It might seem a stretch to describe a stock that's risen 35% in the last year as "underfollowed," but that's how I see nVent Electric (NVT -1.38%). The company recently reported an excellent set of fourth-quarter earnings and has strong growth prospects in 2022 and beyond. Moreover, it trades at a compelling valuation, making it the best value stock in the electrical sector. Here's why it's worth buying today.

nVent Electric

For those who don't know the company, nVent is a play on connection and protection in the electrical sector. As such, it's a beneficiary of the trend toward electrification in the economy.

A data center worker.

Image source: Getty Images.

Key end markets include the industrial sector (43% of sales), where investment in automation and digital solutions are driving growth. Construction (28%) is another important market, and the bounce in nonresidential construction in 2022 will help, as will the long-term trend toward electrification and smart buildings. Across infrastructure (21%), nVent is seeing strong growth from spending related to data centers, 5G, renewable energy, and electric vehicles (EVs). Lastly, the bounce in energy prices and increasing use of digital technology in energy will help nVent.

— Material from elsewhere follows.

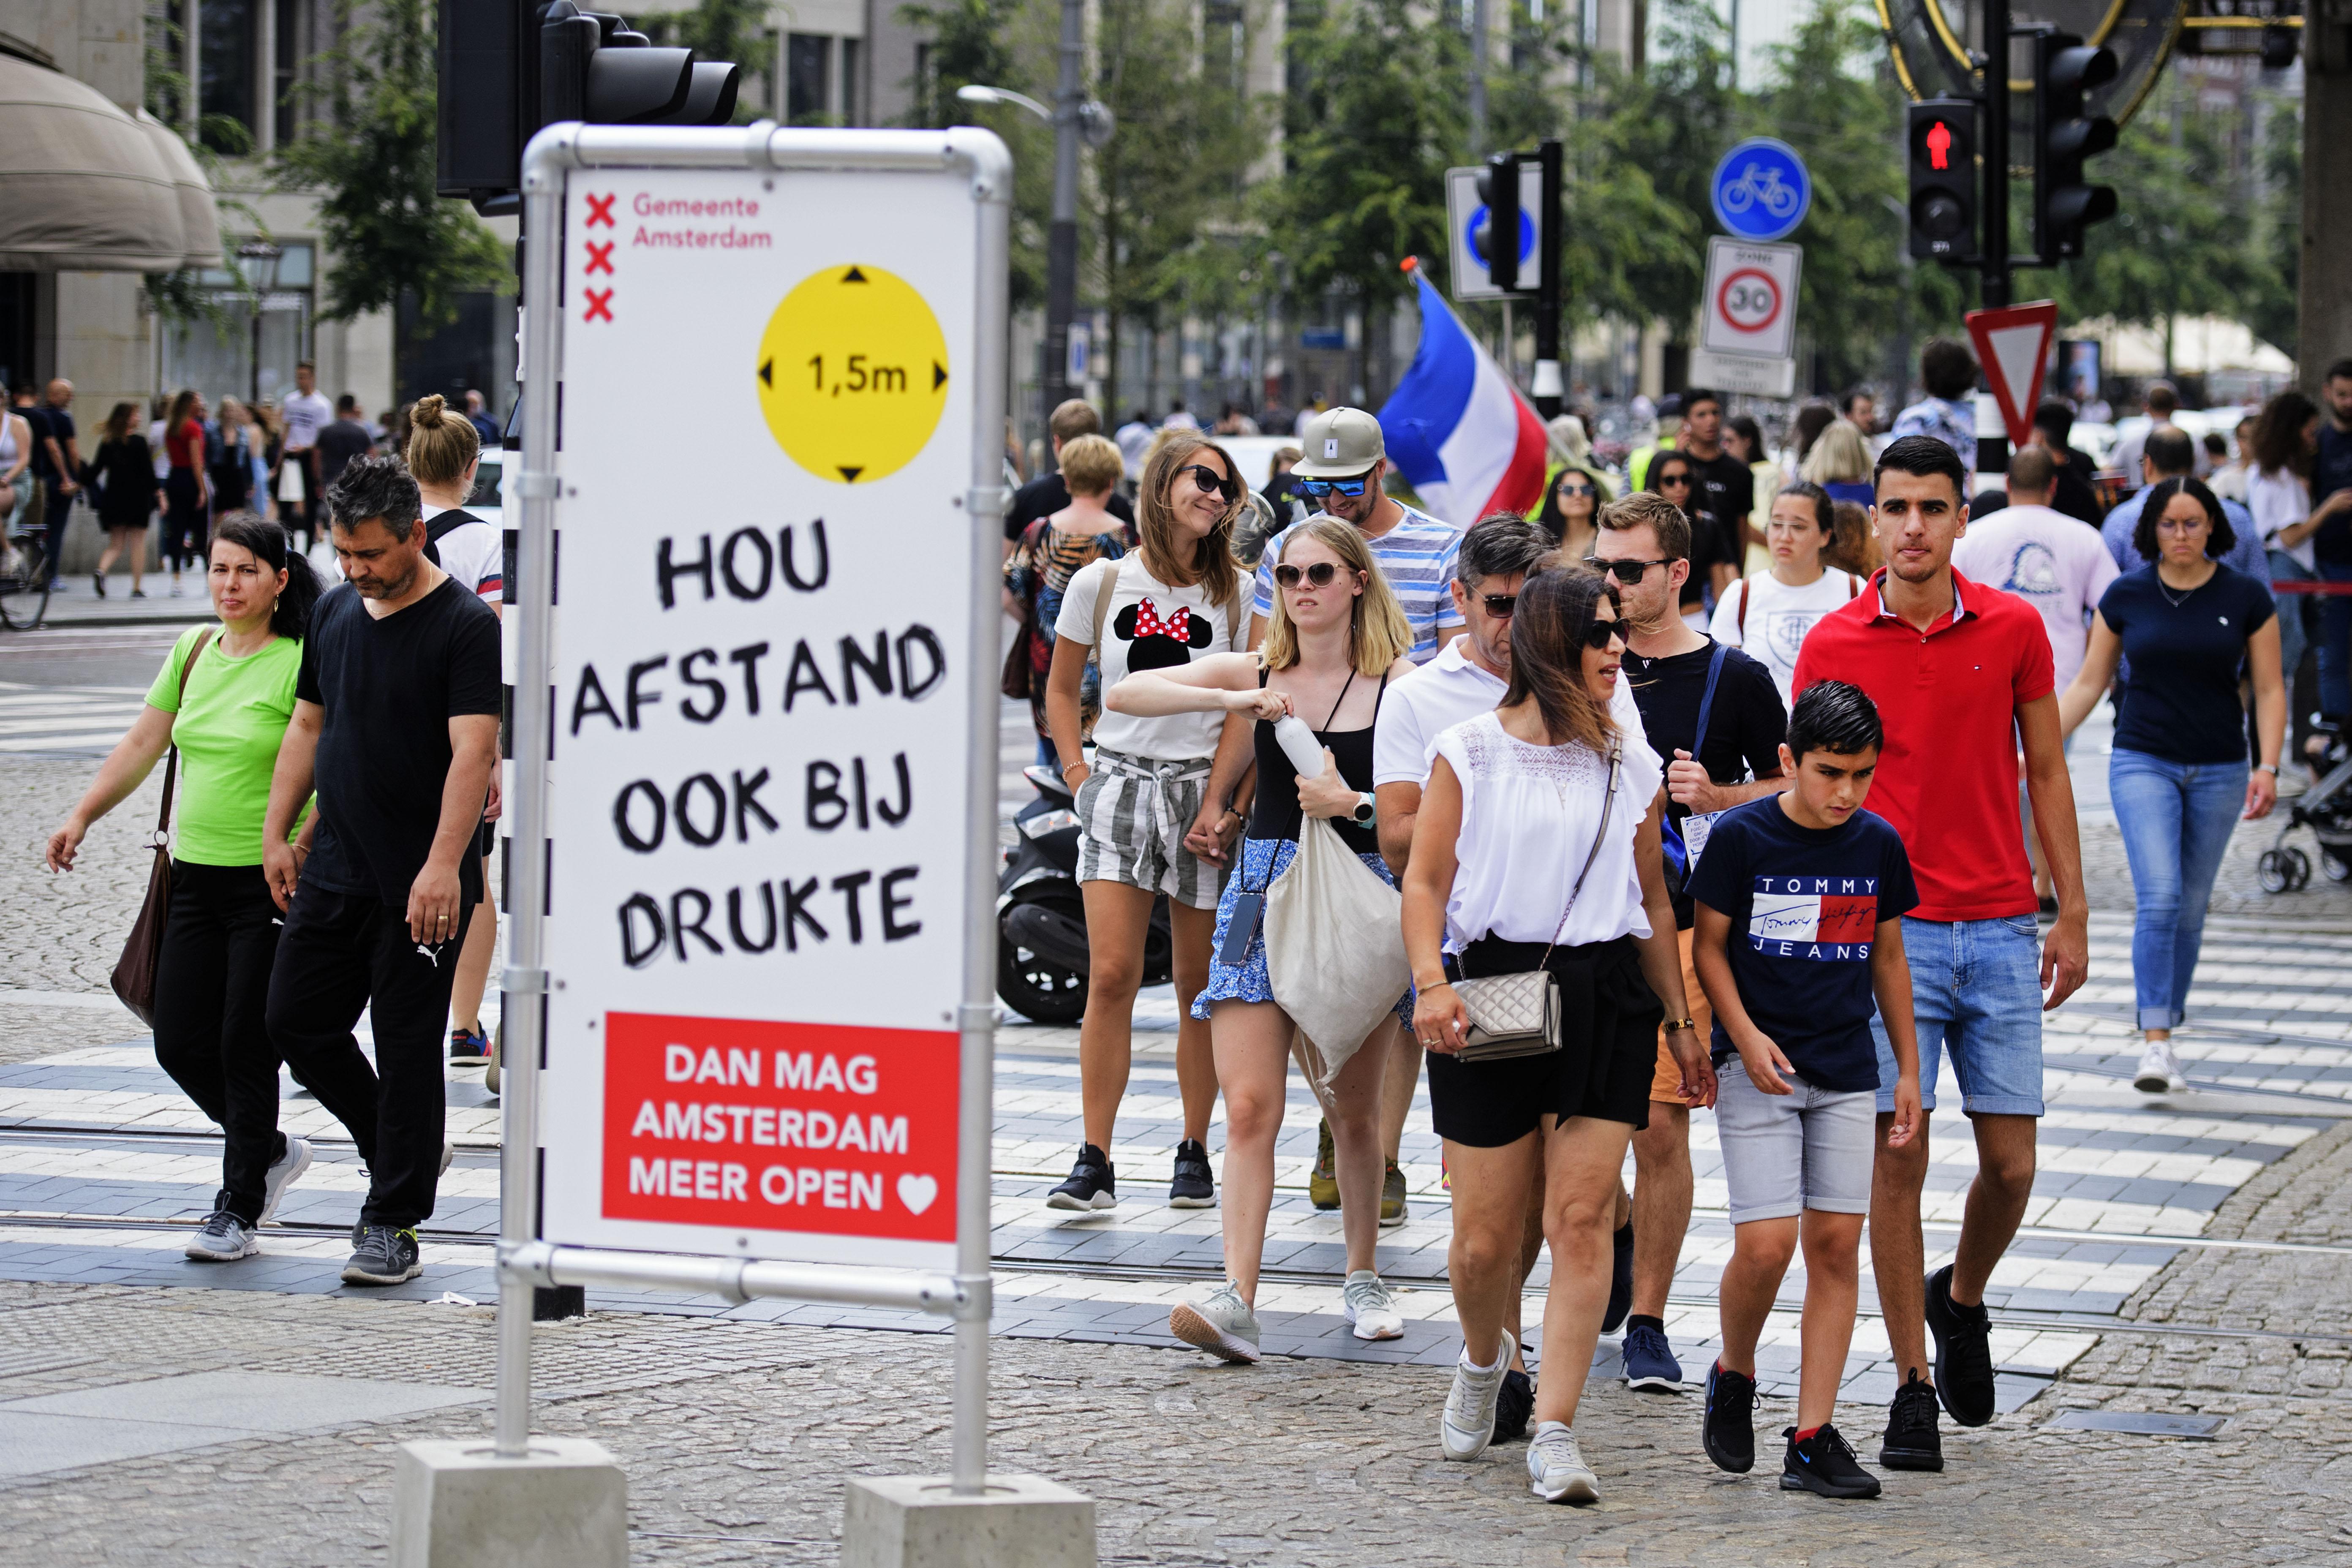 Besmettingsclusters nemen toe in Noord-Holland en Zuid-Holland. 'Jongeren lijken de oorzaak'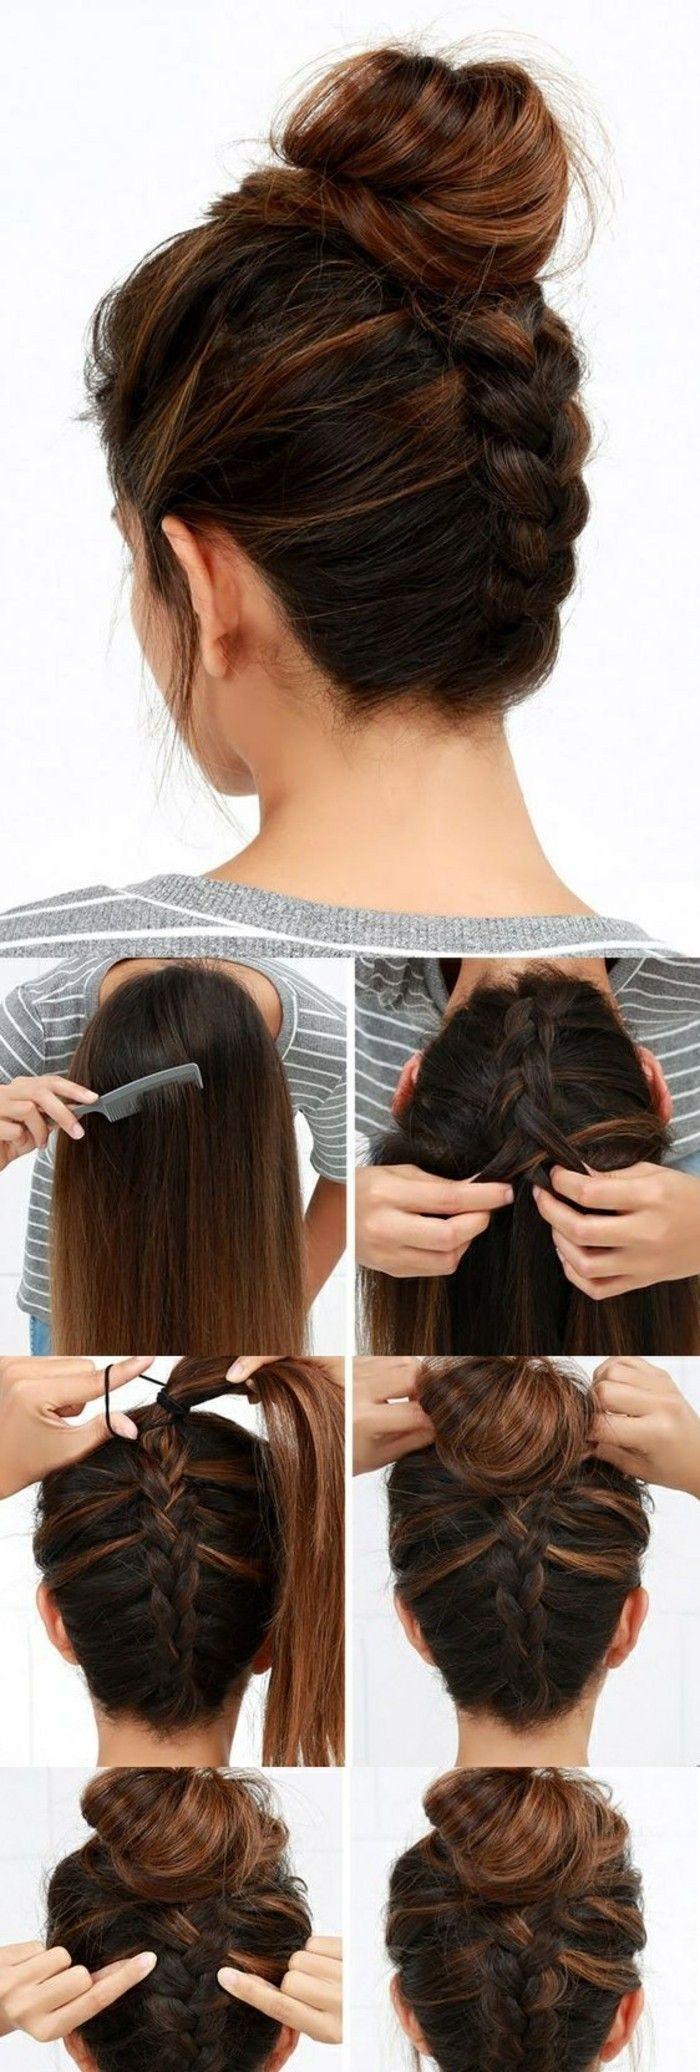 Idée tendance coupe u coiffure femme frisuren

For reference, nVent sells electrical enclosure boxes, electrical and fastening solutions, and thermal management products. Its solutions are a crucial part of a company's safety needs and meeting regulatory requirements. Put simply, it's a pick-and-shovel play on electrification in the economy.

Three reasons to buy nVent

I'll cut to the chase:

  • The recent fourth-quarter results demonstrated the strong growth trends in its end markets, which are likely to continue in 2022.
  • Unlike many companies reporting this earnings season, nVent management more than offset cost inflation with price increases, while not having any significant issues dealing with stronger-than-expected volume demand.
  • nVent's valuation is very attractive on an absolute and relative basis.

End-market growth

At the time of nVent's third-quarter earnings report, management forecast that organic sales growth would be in the 9% to 12% range in the fourth quarter, but it came in with a whopping 24% improvement.

All three segments reported strong growth, and management expects all its industrial verticals to grow in 2022. If it isn't 5G and data center spending, it's an investment in renewables and EVs. Meanwhile, industrial companies have accelerated investment in automation, as evidenced by Rockwell Automation's earnings and outlook. In addition, spending on smart buildings and automation in buildings is set for long-term growth, according to Johnson Controls. Finally, there are real signs that energy companies are starting to spend again, given high energy prices and a lack of investment in previous years.

nVent Segment

Fourth- Quarter Sales

Year-Over-Year Organic Growth

Enclosures

$332 million

35%

Electrical & fastening solutions

$171 million

17%

Thermal management

$166 million

16%

Data source: nVent presentations.

Managing inflationary and supply chain pressures

Given the highly inflationary environment and the ongoing supply chain issues dogging the economy, investors have a crucial question: whether a company can fully offset cost increases with price increases. In this case, it's a yes. For example, on the earnings call, chief financial officer Sara Zawoyski said cost inflation (raw materials, wages, freight, and logistics) was $58 million in the quarter, but price increases added $62 million.

On a related note, the supply chain issues have created cost pressure and a lack of product availability that have restricted some companies' ability to meet volume demand. But again, that wasn't the case with nVent in the fourth quarter, where volume increased by 12%. Moreover, CEO Beth Wozniak said the company had been investing in capacity, and "we would expect that we're going to have some nice volume growth" in 2022.

A stock to buy

Turning to valuation, nVent's metrics stand at a discount to Hubbell (HUBB 0.34%) and Eaton (ETN -0.40%), two other stocks focused on electrification.

NVT Price to Free Cash Flow Chart

NVT price to free cash flow. Data by YCharts.

In addition, management's full-year guidance calls for organic sales growth of 6% to 9% with adjusted earnings per share of $2.10 to $2.20. Another year of converting adjusted net income into free cash flow (FCF) at a 100% rate would mean around $360 million in FCF, putting nVent on a forward price-to-FCF multiple of less than 16 times FCF. That's an excellent valuation, and the current dip is creating a good buying opportunity.